= What to do =
Each line of data below is to be returned exactly, leaving out any picture.

= Supplied material =
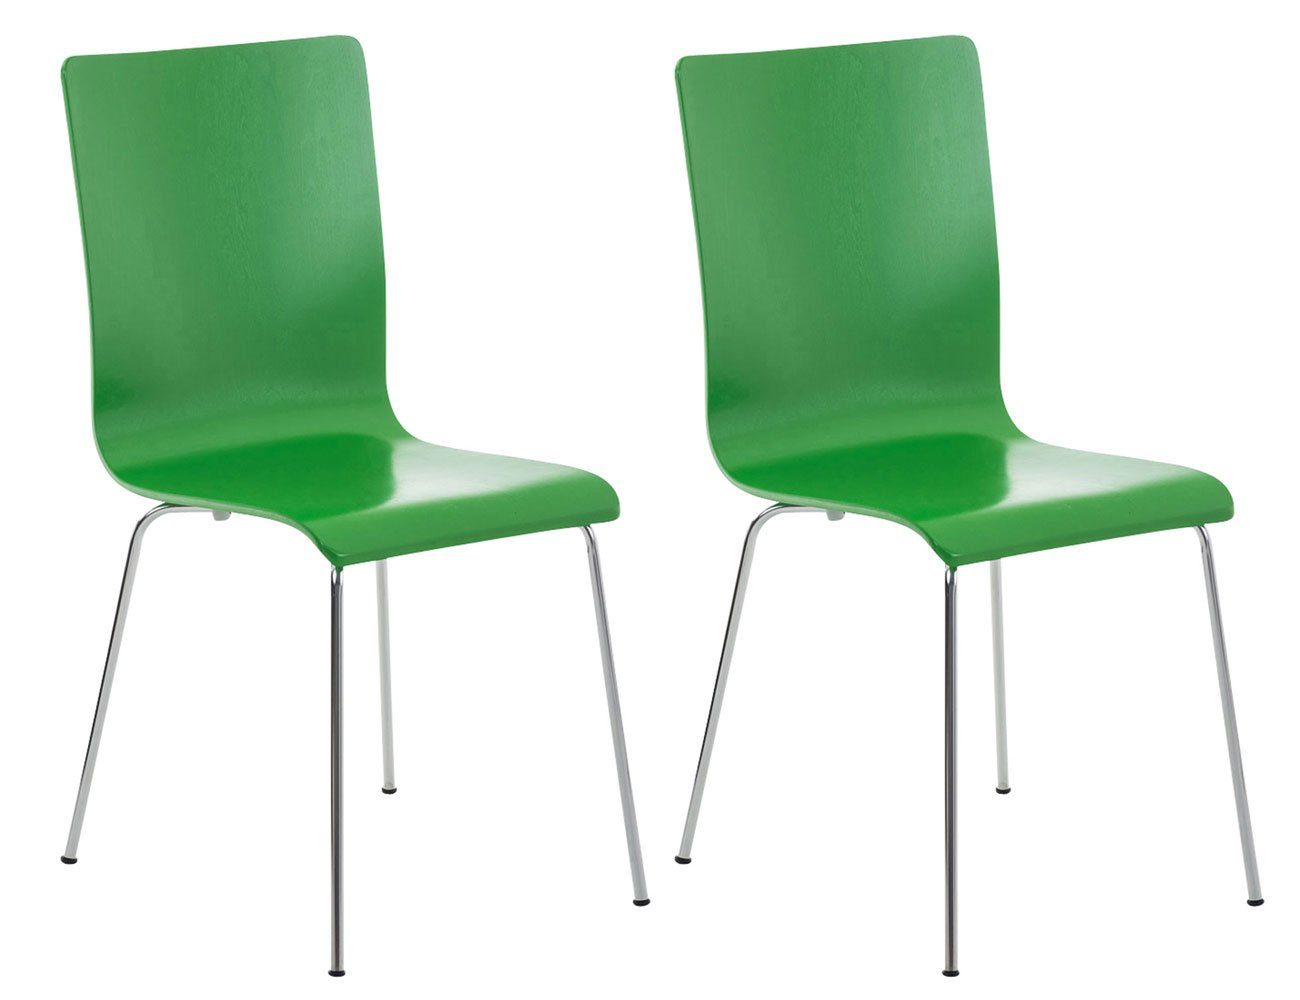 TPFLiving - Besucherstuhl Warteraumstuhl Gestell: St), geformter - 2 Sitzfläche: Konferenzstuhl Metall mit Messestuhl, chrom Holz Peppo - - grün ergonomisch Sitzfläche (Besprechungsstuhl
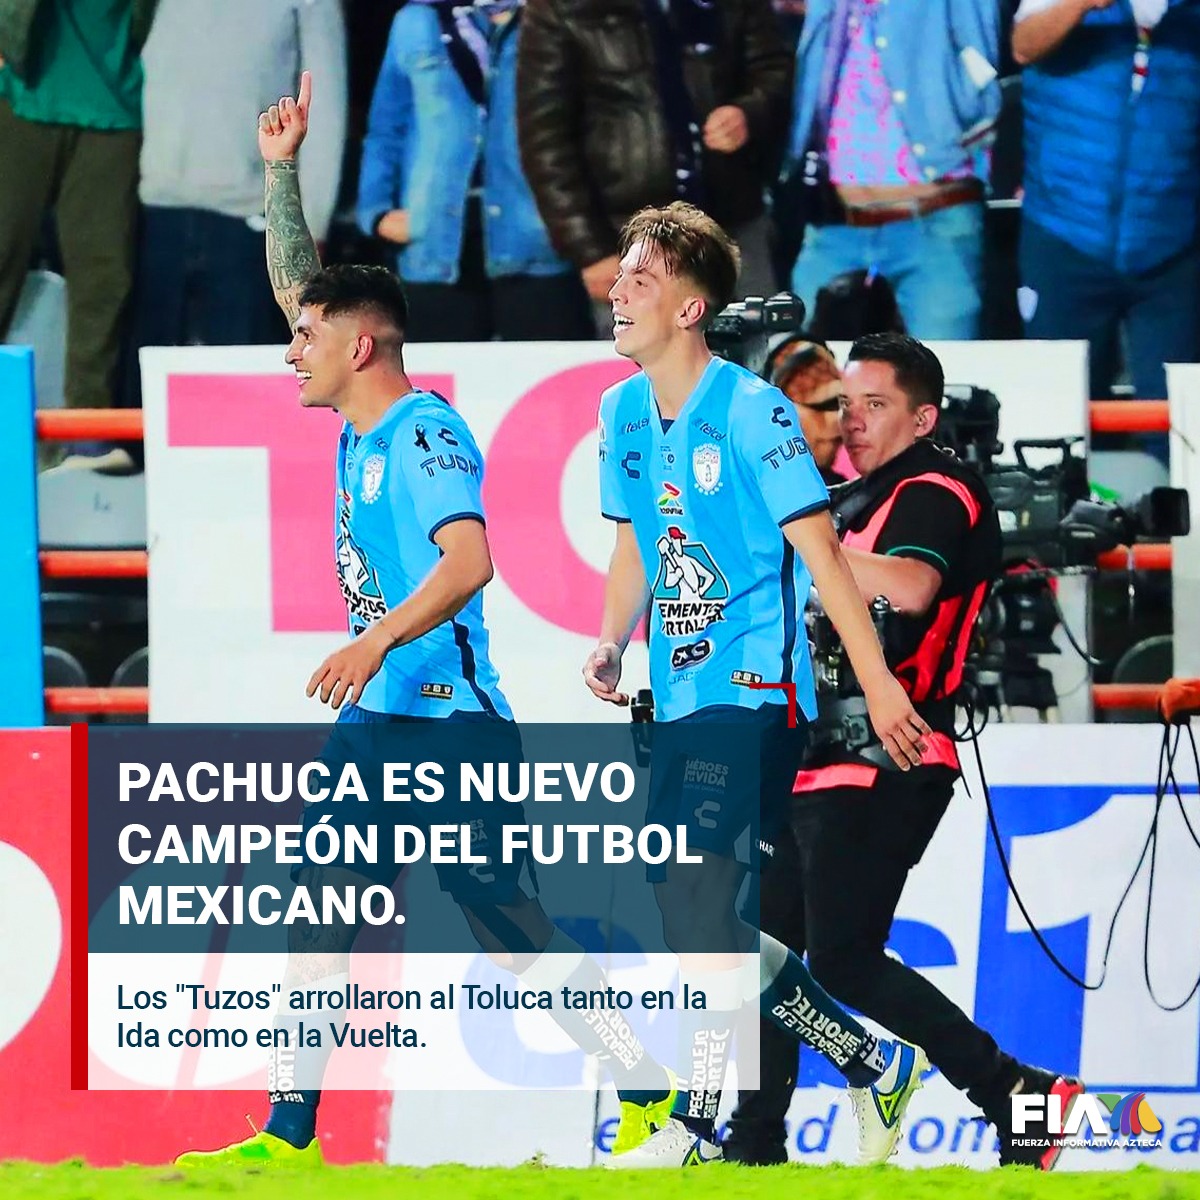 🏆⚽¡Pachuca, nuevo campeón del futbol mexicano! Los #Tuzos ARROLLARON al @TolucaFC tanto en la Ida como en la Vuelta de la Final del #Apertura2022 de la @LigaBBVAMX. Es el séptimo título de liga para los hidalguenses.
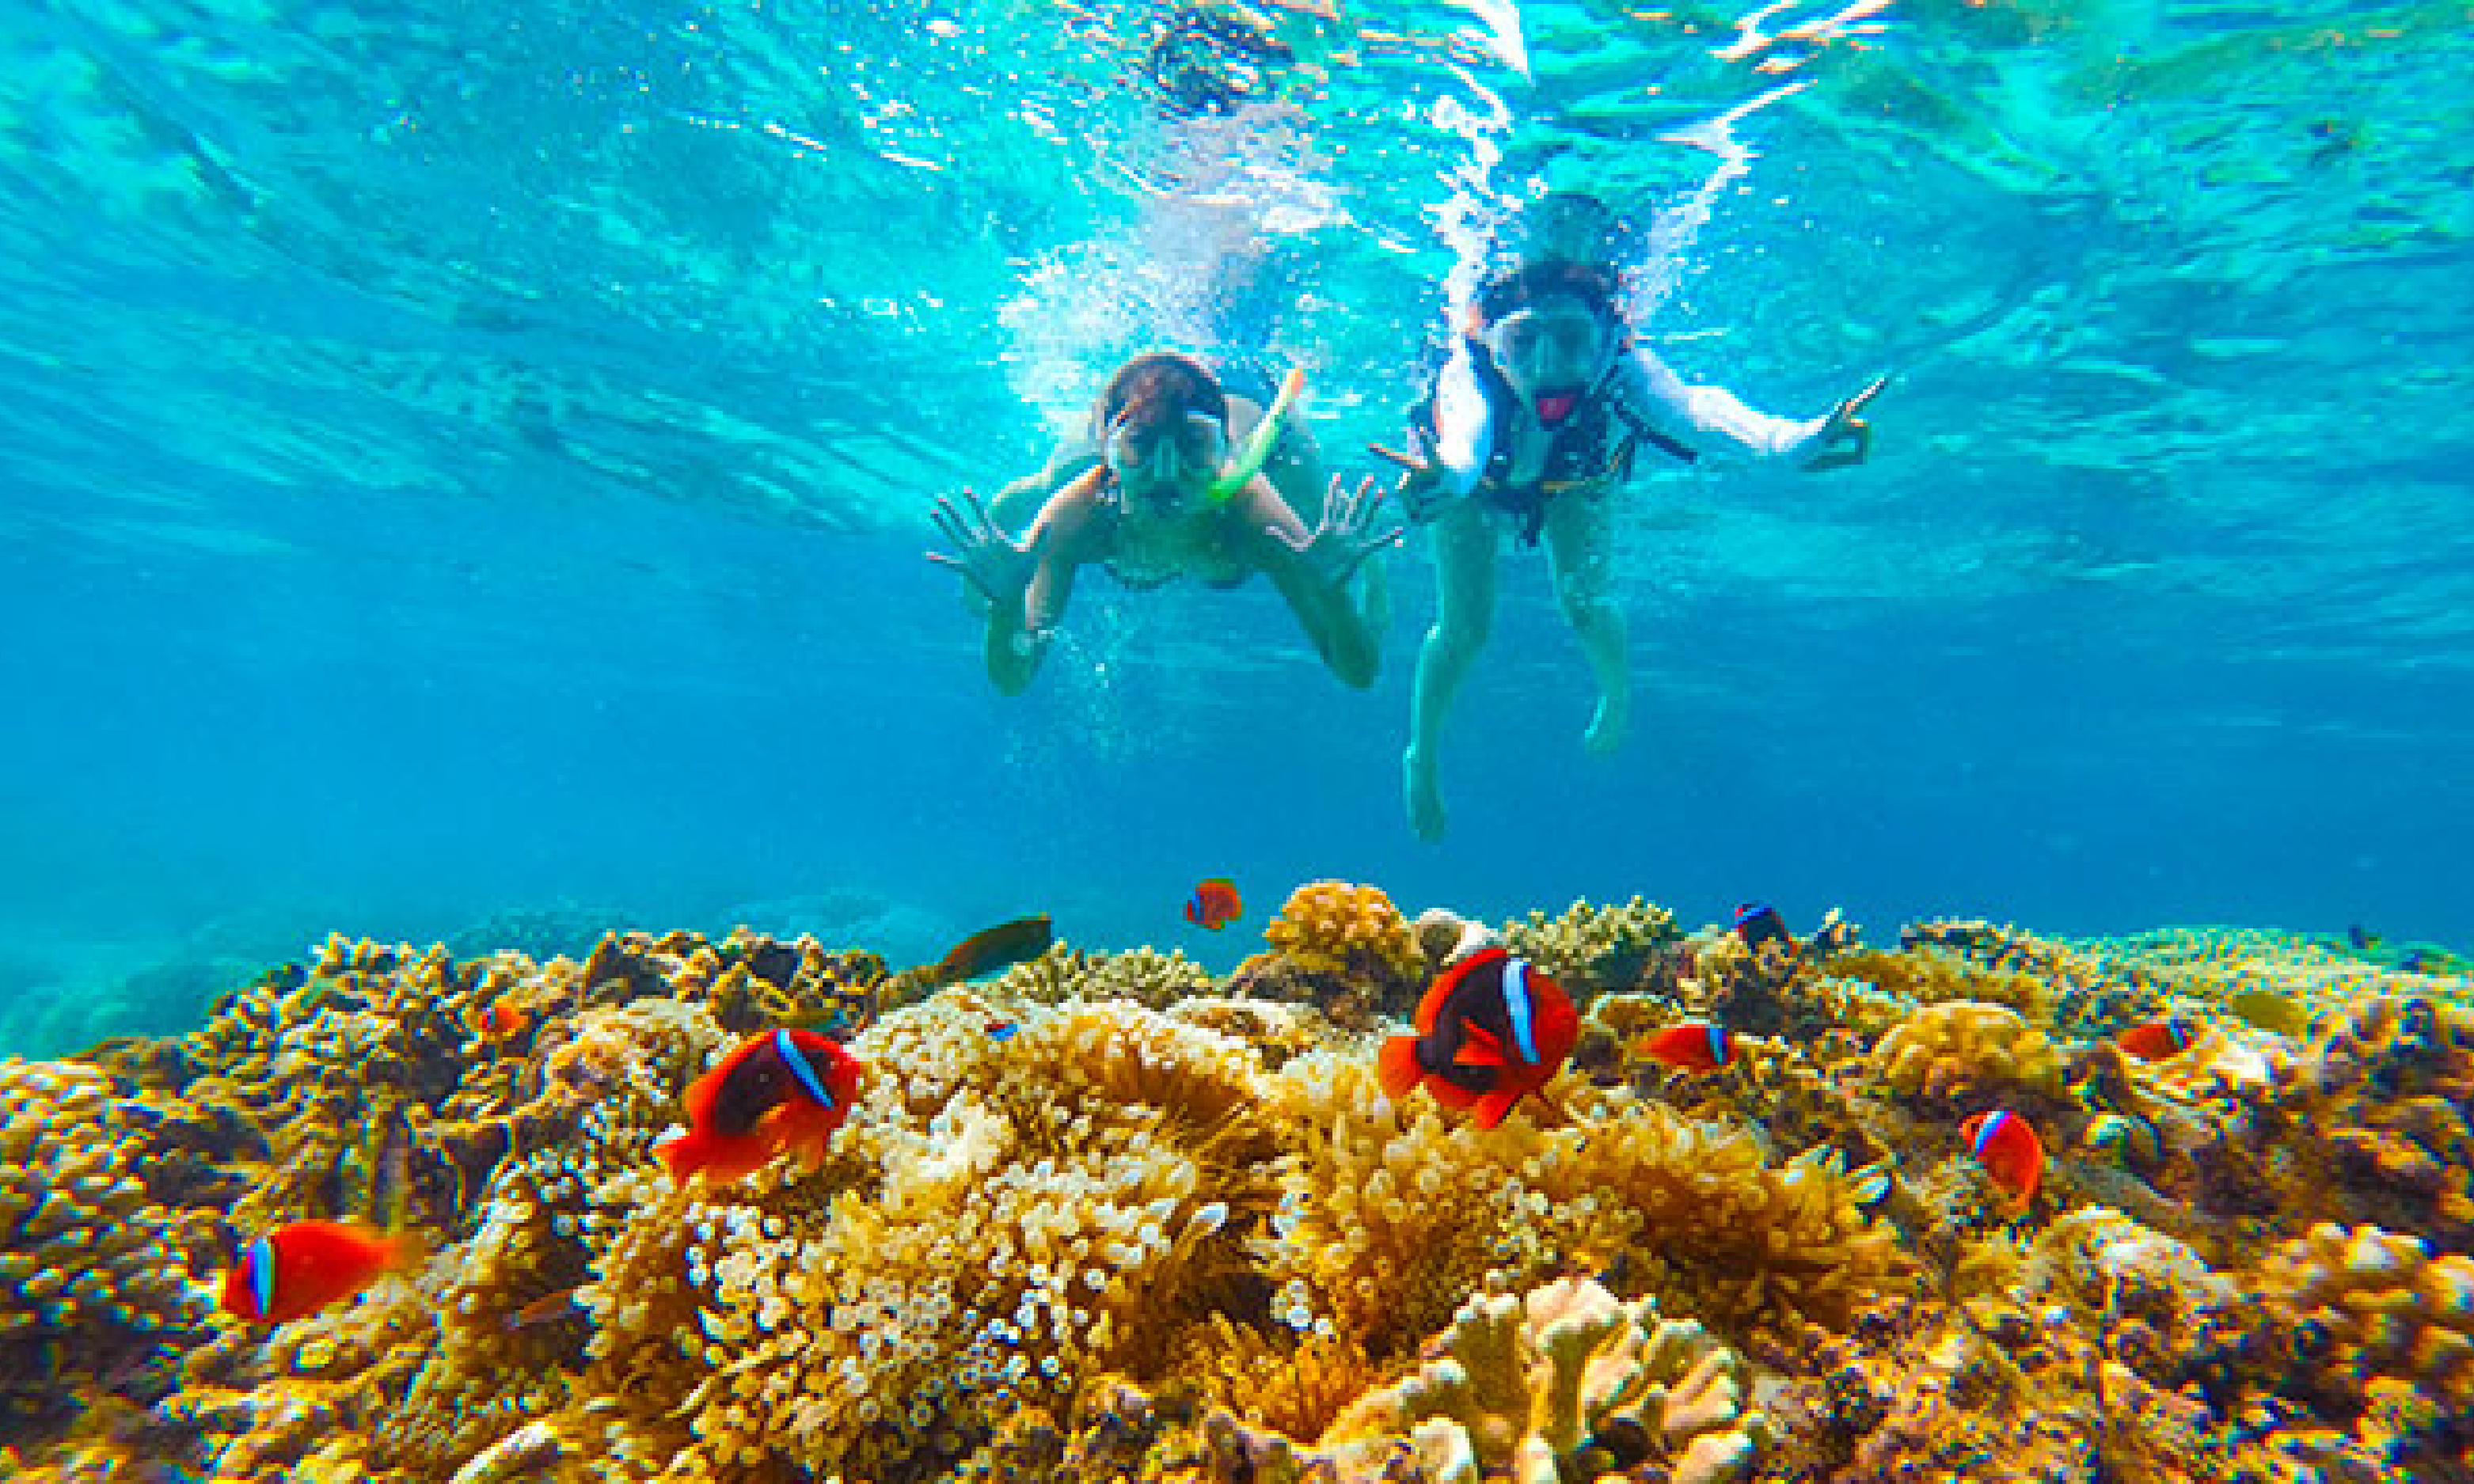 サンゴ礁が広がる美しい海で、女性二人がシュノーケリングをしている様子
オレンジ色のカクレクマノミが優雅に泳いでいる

= Written response =
 TPFLiving - Besucherstuhl Warteraumstuhl Gestell: St), geformter - 2 Sitzfläche: Konferenzstuhl Metall mit Messestuhl, chrom Holz Peppo - - grün ergonomisch Sitzfläche (Besprechungsstuhl
 🏆⚽¡Pachuca, nuevo campeón del futbol mexicano! Los #Tuzos ARROLLARON al @TolucaFC tanto en la Ida como en la Vuelta de la Final del #Apertura2022 de la @LigaBBVAMX. Es el séptimo título de liga para los hidalguenses.
 サンゴ礁が広がる美しい海で、女性二人がシュノーケリングをしている様子
オレンジ色のカクレクマノミが優雅に泳いでいる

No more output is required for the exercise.